For me personally, the most important discovery was to understand different training styles, sort of like big picture differences in approach. 

I met several people who train more in what I call the German Shorthair style: introduce to strong-flying quail as early as possible, then do yard work on recall, whoa, then go back to the field. This seems like an approach based on getting basics established from the start. I met a very nice lady at a hunt test who follows this and it works great for her. 

The other group of people I met follow a different approach - introduce to birds as early as possible (even 8 weeks), then allow puppy to chase and be as wild as they want to be. 

They say that Vizslas mature slower than other pointing breeds and are more submissive in temperament, and so building confidence and burning desire is more important than obedience or perfect recall at first. So they don't use check-cords. Some people even run their pups for Junior Hunter over and over (even after getting the JH title), so that they get exposed to different types of fields, cover, brace mates, weather and wind conditions, etc. Their philosophy is to maximize natural instinct and confidence at the expense of control. Then, the control part is gradually brought in when the dog is more mature, after a year or two years old.

I found this to be more interesting, personally, but also more complex and demanding of the handler. For example, it's easier to walk in on a dog on point in this second approach and cause it to bump birds. And this approach also requires very strong flying birds, wild quail, chuckar, etc.

Also, our trainer told me early on that if we want to participate in the field trials, we would plant the birds in a different way/place and run braces with older dogs to bring out the confidence in the dog to run bigger. So perhaps a 3rd approach for FTs. We got involved in field trials now and I have to say I sometimes wish I could turn back time and work more on the range. 

So I would say the training style depends on the objective and the personality of the owner and trainer? As for books, the ones I found very useful and go back to very often are: "Wing & Shot" and "How to help hunting dogs train themselves".
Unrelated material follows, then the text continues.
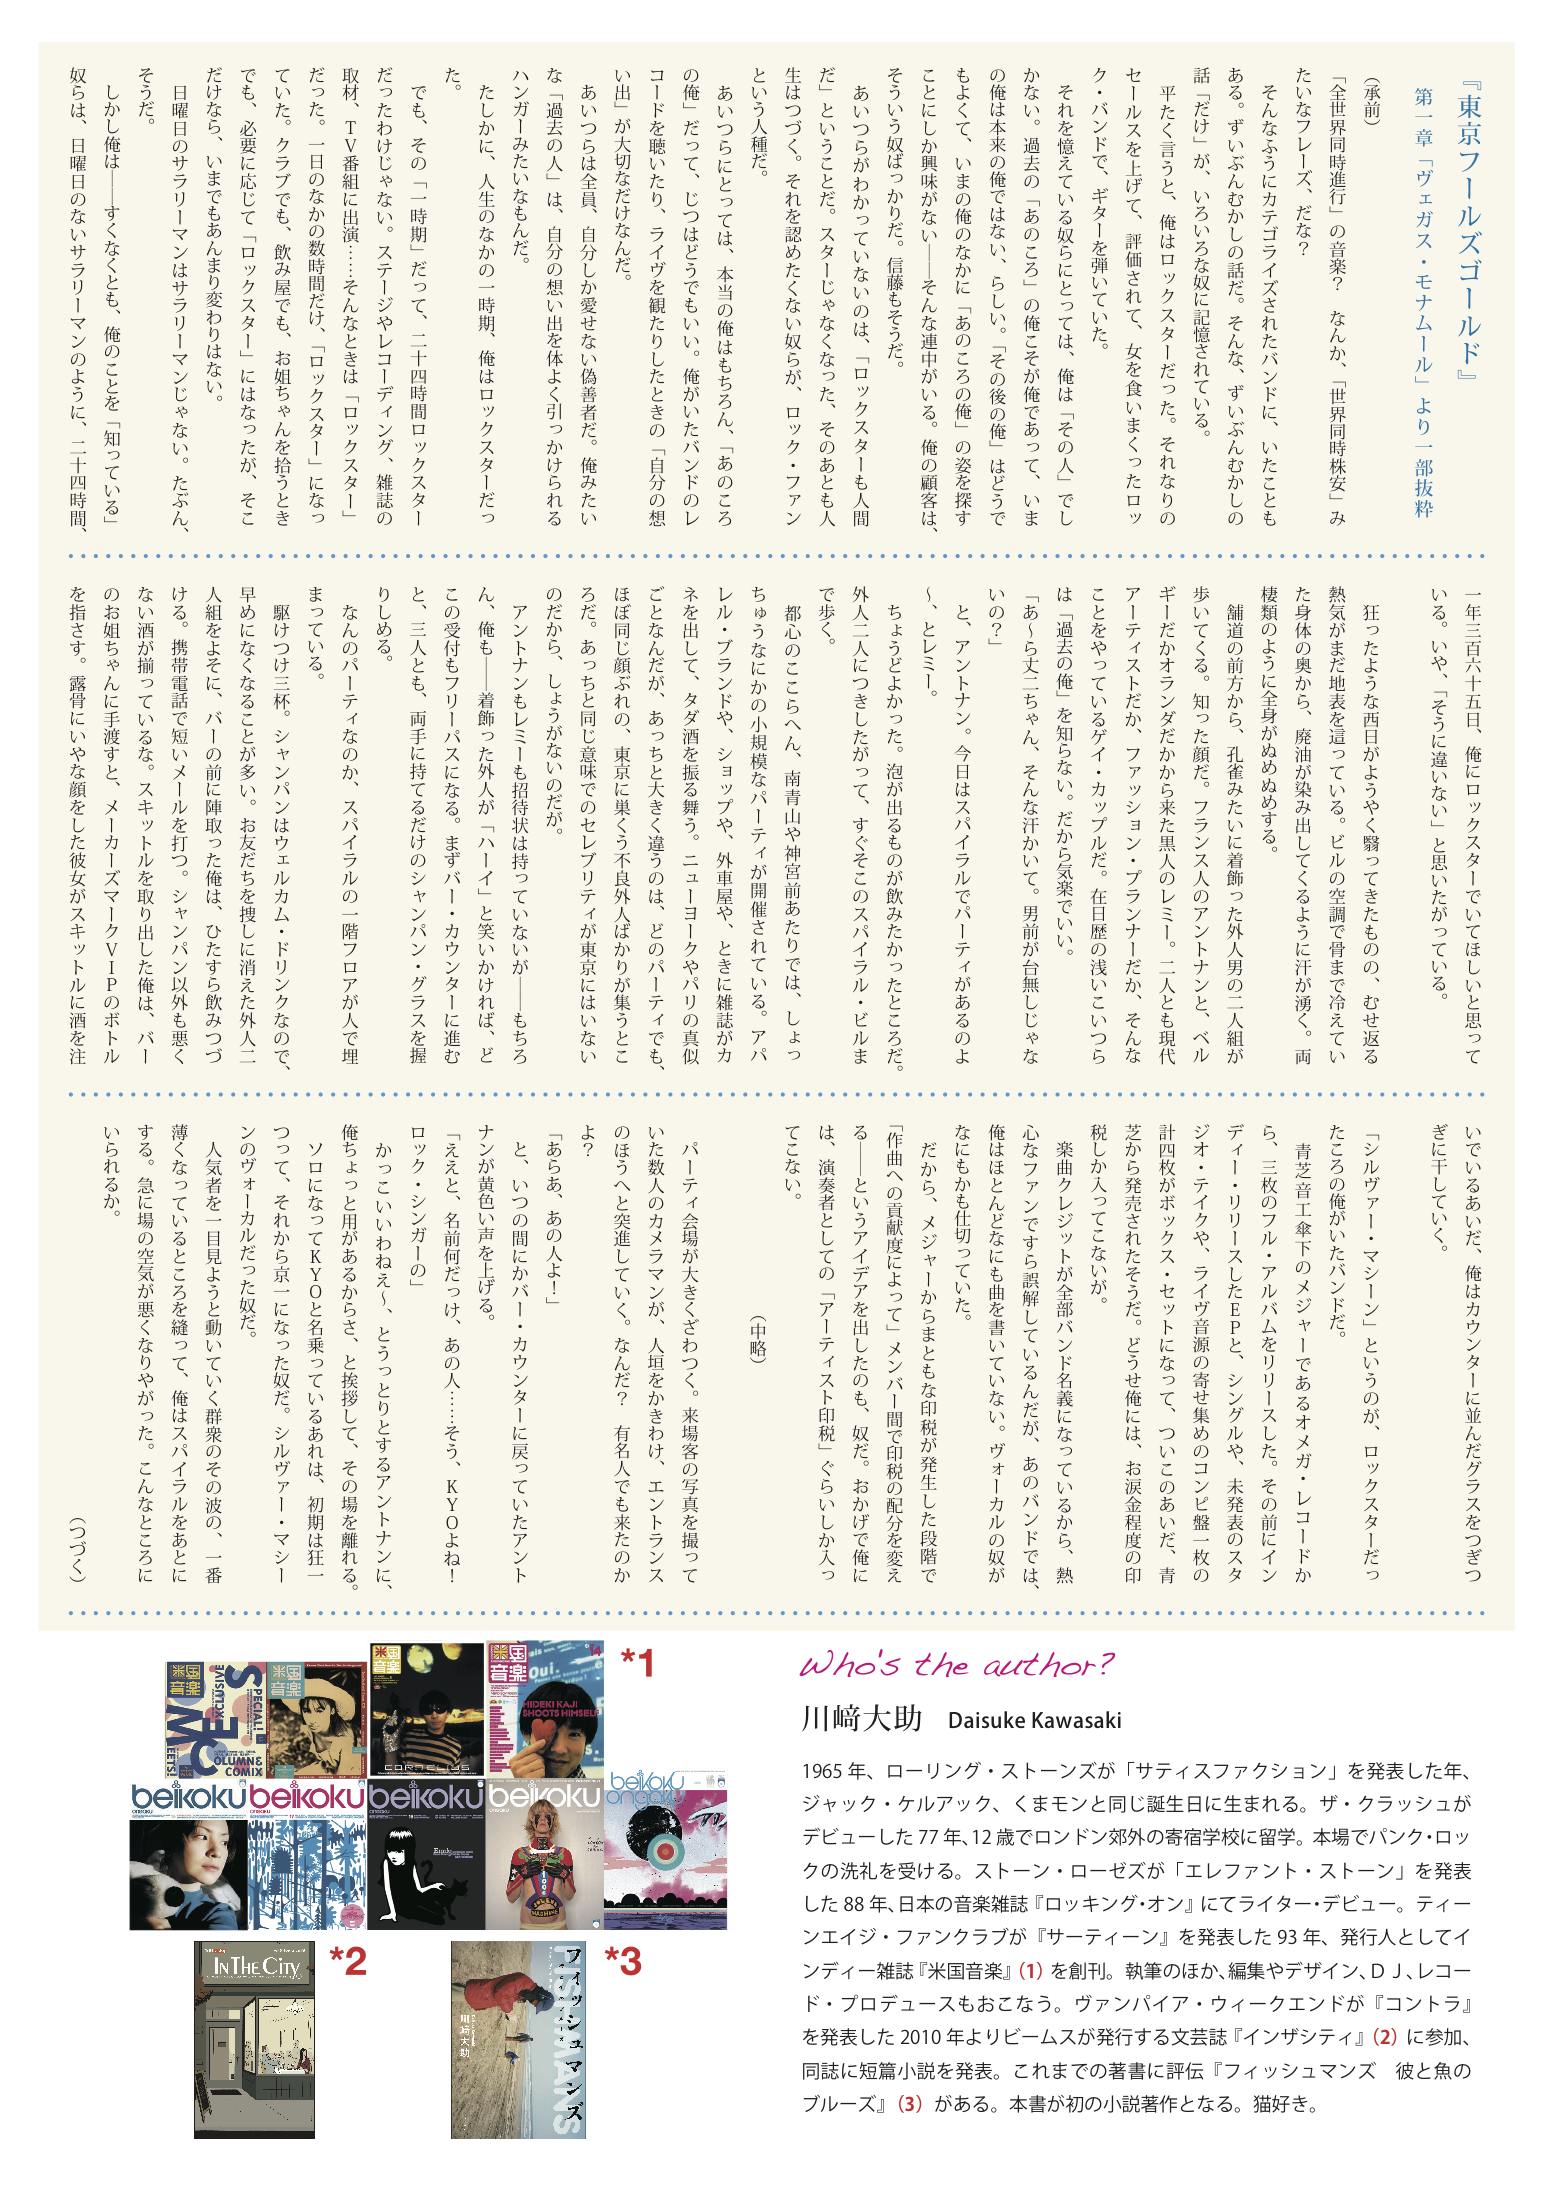 http://www.kawade.co.jp/news/Flyer%E8%A3%8F01.jpg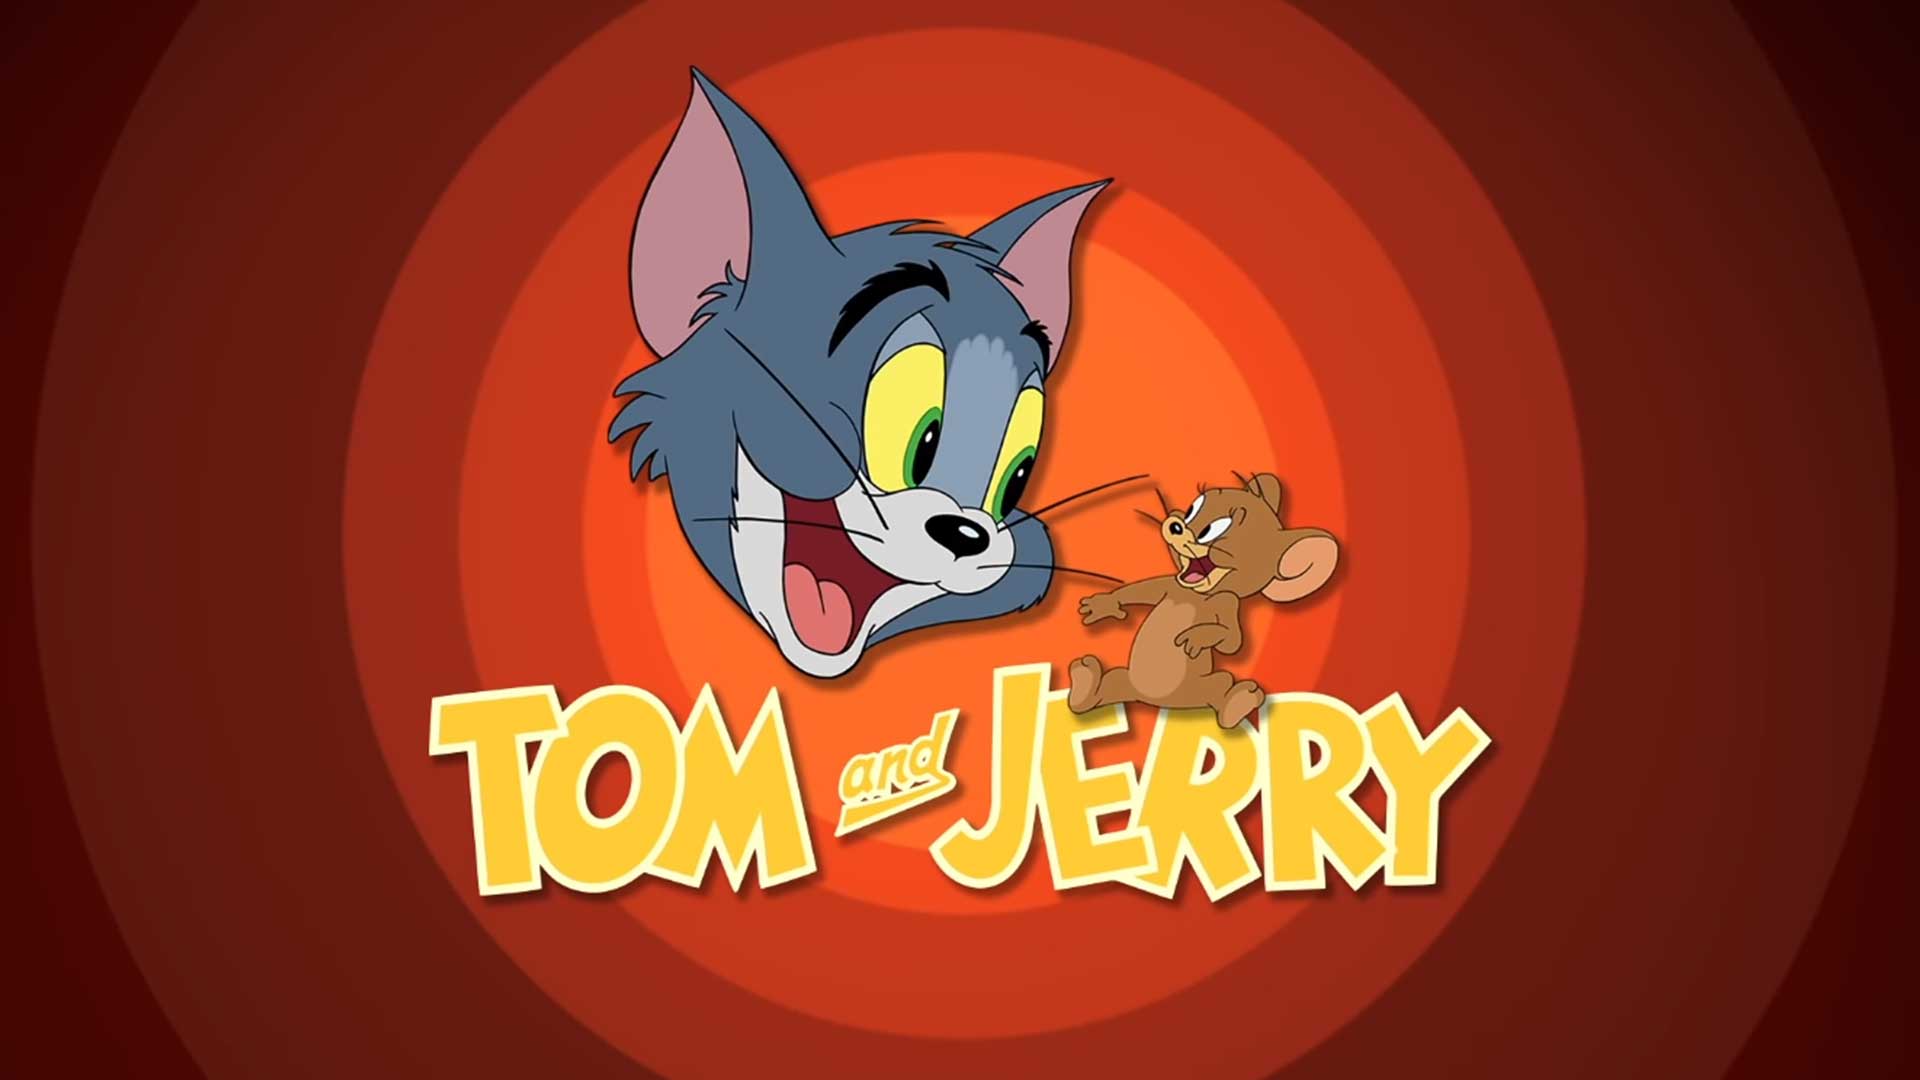 Том и Джерри – 24 серия «Молочный путь» / Tom and Jerry

Would be also interested in what others have to say, too...


----------



## WillowyndRanch (Apr 3, 2012)

For books I tend to recommend the ones already listed.

Best way to train your gun dog by bill tarrant is no longer in print but available through reseller sites. I'm on my third copy over at least a couple decades.

Training with Mo is a good one, backed up with the website by the author, Martha greenlee steadywithstyle. 

How to help Gundogs train themselves by Joan Bailey.

As far as video series, I don't buy many of those any more but the Silent command system by Rick and Ronnie Smith (Delmar Smiths kids) and Puppy development are good starters.

My one bit of advice is now my forum tagline. The more you do with your pup, the better the pup will be. It takes an investment of time more than any other single component.

Ken


----------



## Aimless1 (Sep 25, 2011)

Another good book, also out of print is Dave Walker's "The Bird Dog Training Manual". Many trainers seem to like the Delmar Smith/Ronnie Smith materials but I think there are much better out there.

Joan Bailey's book is a tremendous resource, especially for first time dog owners/trainers.


----------



## WillowyndRanch (Apr 3, 2012)

The nice thing about life in bird dogs is there's a flavor for everyone. 

Personally, and that's all it is - my preference, I found the information in Walkers book to be overall pretty good, not very much depth as to why, but a very dry, pretty boring read. I think what I like about the Best way to train your gun dog (Delmar) is it's a fun and interesting read on top of the methodology. I've read it cover to cover several times and Walker I just look up a subject, read the one or two paragraphs on his viewpoint. I haven't been able to read it straight through yet.

The important thing is to always try to keep learning. The more we learn and are open to new ideas the better the opportunity to do better for our dogs.

Ken


----------



## zigzag (Oct 4, 2011)

I like Speed train your own bird dog by Larry Muller.
I think the puppy training chapter really gave my dog an edge and he matured on birds very quickly. Skip the gun intro IMO, find a trainer that will do private sessions with you and your pup and do the gun intro with a trainer. Learn about homing pigeons and if you have the space and dedication raise some of your own. Get a bird launcher. Let the pup chase and have fun for the first year. I think I may have robed my dog of some style by using a check cord on birds when he was a pup. If I did it again I would just have him drag a check cord and use bird launchers from day one.


----------



## mikesf (Nov 5, 2012)

Thanks to everyone who took the time to reply. I waited till I retired to start this project so I have the time it takes to work with Maci. I totally understand the concept of getting an experienced trainer to start but will do this project on my own with some other friends who have puppies. I'm going to find two of three of the books mentioned and spend this weekend in the evening reading them. One thing I am not interested in is field trials. I just want a good gundog and dog my wife can pamper, which she has started all ready. Thanks again and good luck to all.
Mike


----------